If I give you you a task, and explain the details of it to you, you might get it.

But, if I explain AND give you a few examples of what it looks like when the job is done well, you’re probably going to understand the task better, right?

Similarly, when prompting, explaining the task, and then ALSO giving a number of examples of how you want the task accomplished, will result in better output than if you do not include examples.

4. 🗺️ Context

For basically all projects and problems we find ourselves working on, there is context that plays into how we approach our work.


In programming projects, there is pre-existing code we work with.

In translation, there’s the content that you actually want to see translated.

In writing, project-specific style and key terms play into how we define high-quality output.


Providing this context to a large language model is vital to getting good output.


Now, providing too much context can also be problematic. Most of these models start to perform poorly when they’re given too much information, so you probably don’t want to give millions of words at a time to the AI, except under very specific conditions. (There are other techniques like Retrival Augmented Generation that you can use to work with massive data-sets like that instead).

However, including the specific context that is applicable for the task you’re giving the AI will result in much better quality output than if you just ask it to do a job without providing that context.

5. 🤔 Confirmation Questions

This one is gold!

It’s super simple, but in my experience, it can increase the likelihood that the LLM will succeed outputting what you want it to by maybe 2-3x.


You know how sometimes you’ll send a prompt to an LLM, and it misunderstands what you asked, and you need to ask again?

It would be nice if we could avoid that, wouldn’t it?

Well, adding just one line to the end of a prompt will decrease the likelihood of a misunderstanding like that significantly.

And this piece you can just copy and paste into any prompt.


Here it is:

Before you answer, please ask me 10 questions 
to clarify what I have asked of you.

Turns out, LLMs can be pretty good at figuring out what parts of what we’ve asked of them are ambiguous, and they can then ask us to clarify those specific ambiguities in order to clarify the task.
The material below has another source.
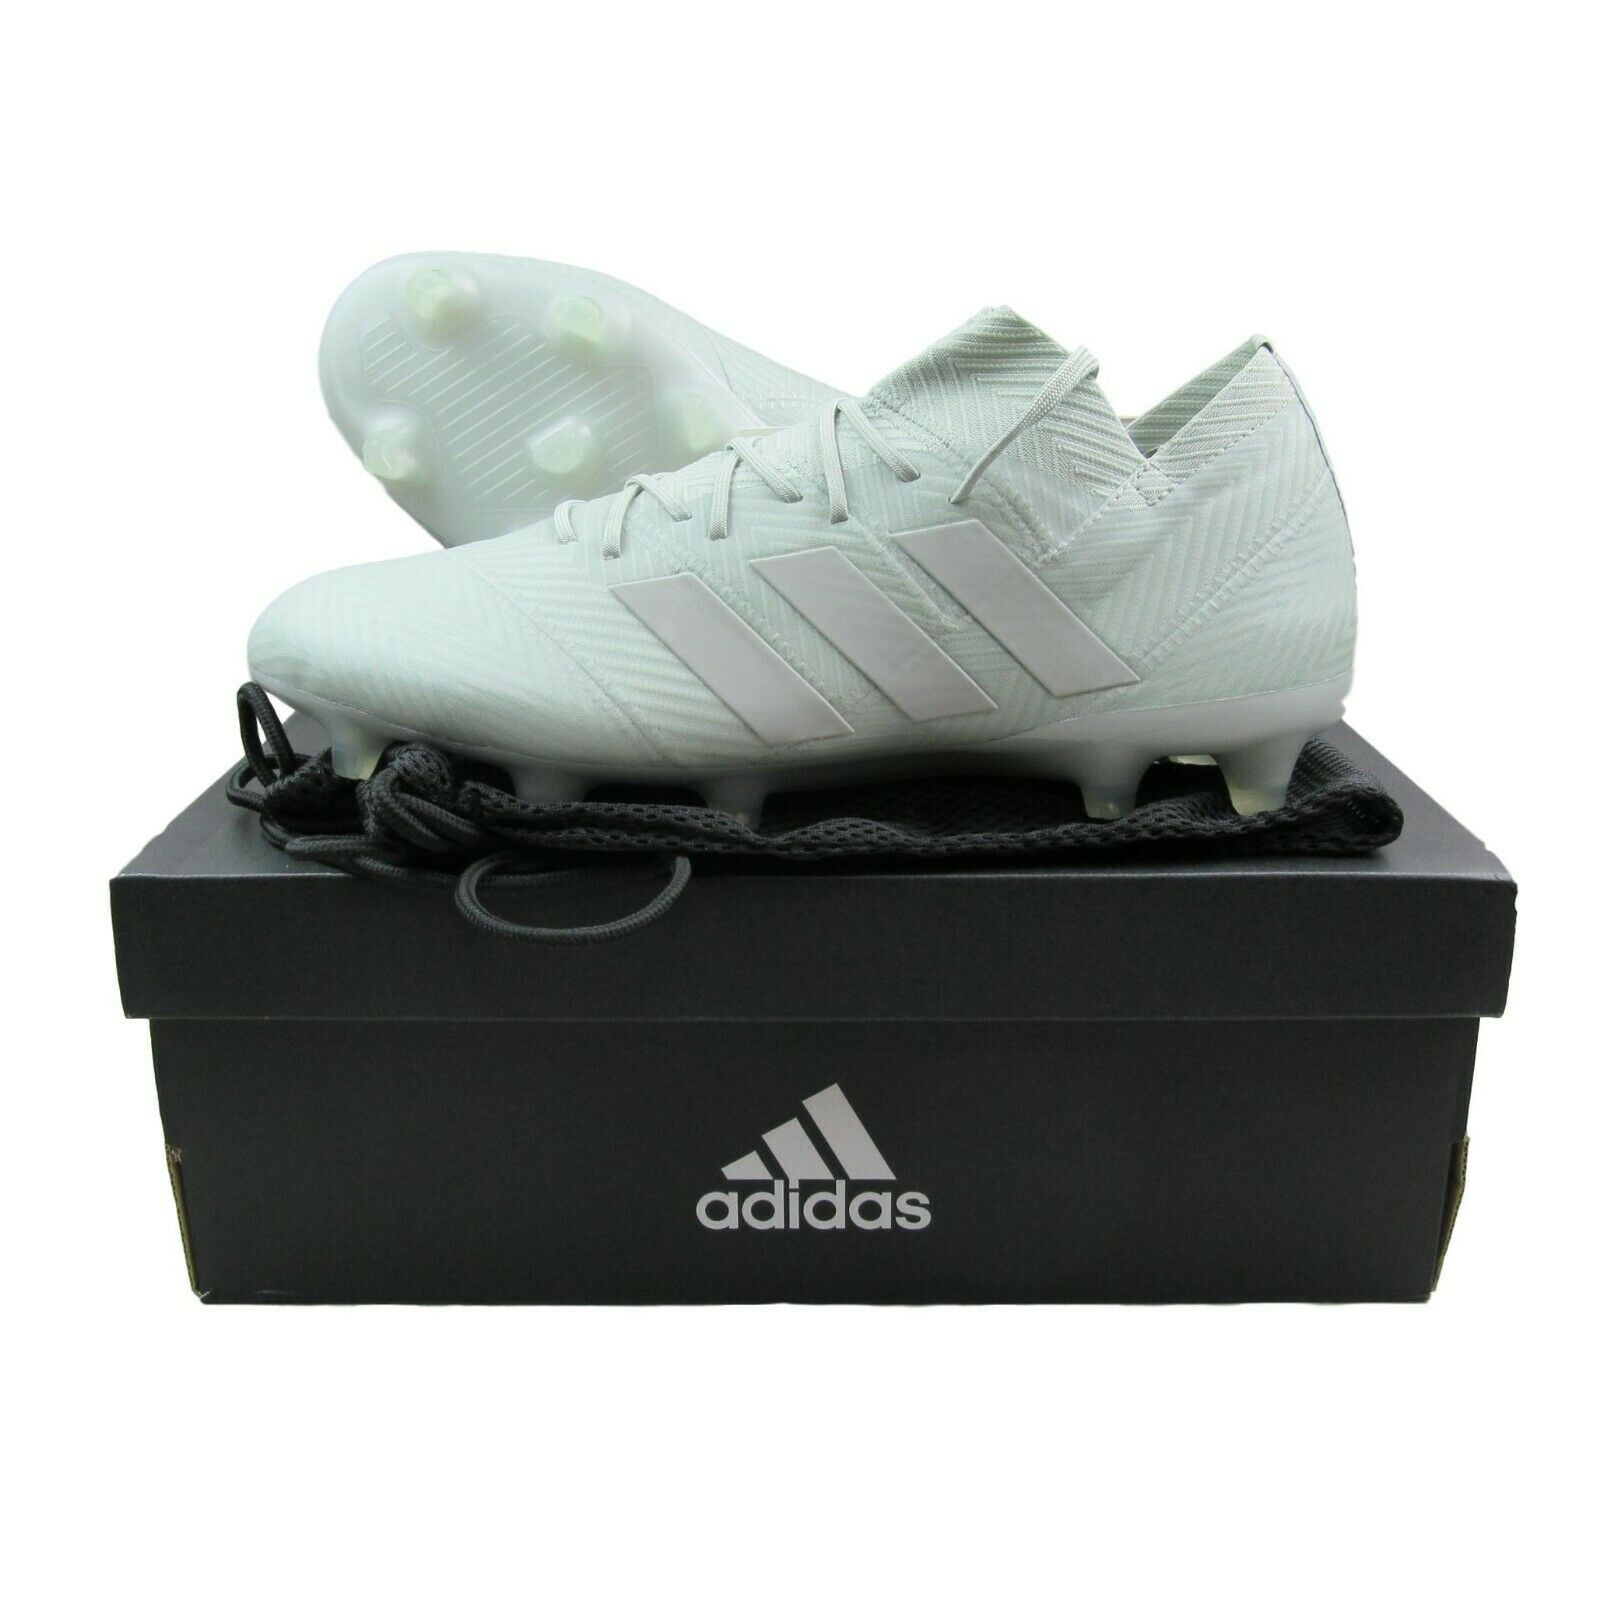 48de3f11c7f4 Adidas Nemeziz 18.1 FG Soccer Cleats Ash Silver Size 9 Mens DB2081

If you include this line at the end of your prompt, the AI will ask you 10 questions where it doesn’t fully understand what you’re asking of it.

Go through and try to give thoughtful answers to these questions, then send them.


I have found that adding this line and these steps to a prompt definitely increase the amount of time I spend on any single prompt, but I find it also increases the likelihood that the LLM will understand what I’m asking it to do even more, saving me the time of needing to try several different prompts to get the right output.

So, I’ve found it a very worthy addition!

🗨️ Couple other thoughts

This above is my general framework for approaching prompting LLMs directly, such as in a chatbot interface. Five simple pieces, but useful ones!


It is worth noting that prompting templates do look different in certain other instances, such as when prompt engineering for building AI agents (where providing objectives and tools are other vital components).


It is also worth noting that different types of models can and should be prompted different.

A high parameter reasoning model like OpenAI’s o3, or Claude’s Sonnet 3.7 thinking might not need as many examples to create high-quality work. So, you can still usually get quite high-quality output even with less prompt engineering, especially because they can spend time “reasoning” before they give you the answer. Meanwhile, a smaller, cheaper model may require more purposeful prompting, with more examples, to be able to reliably give you the output you want.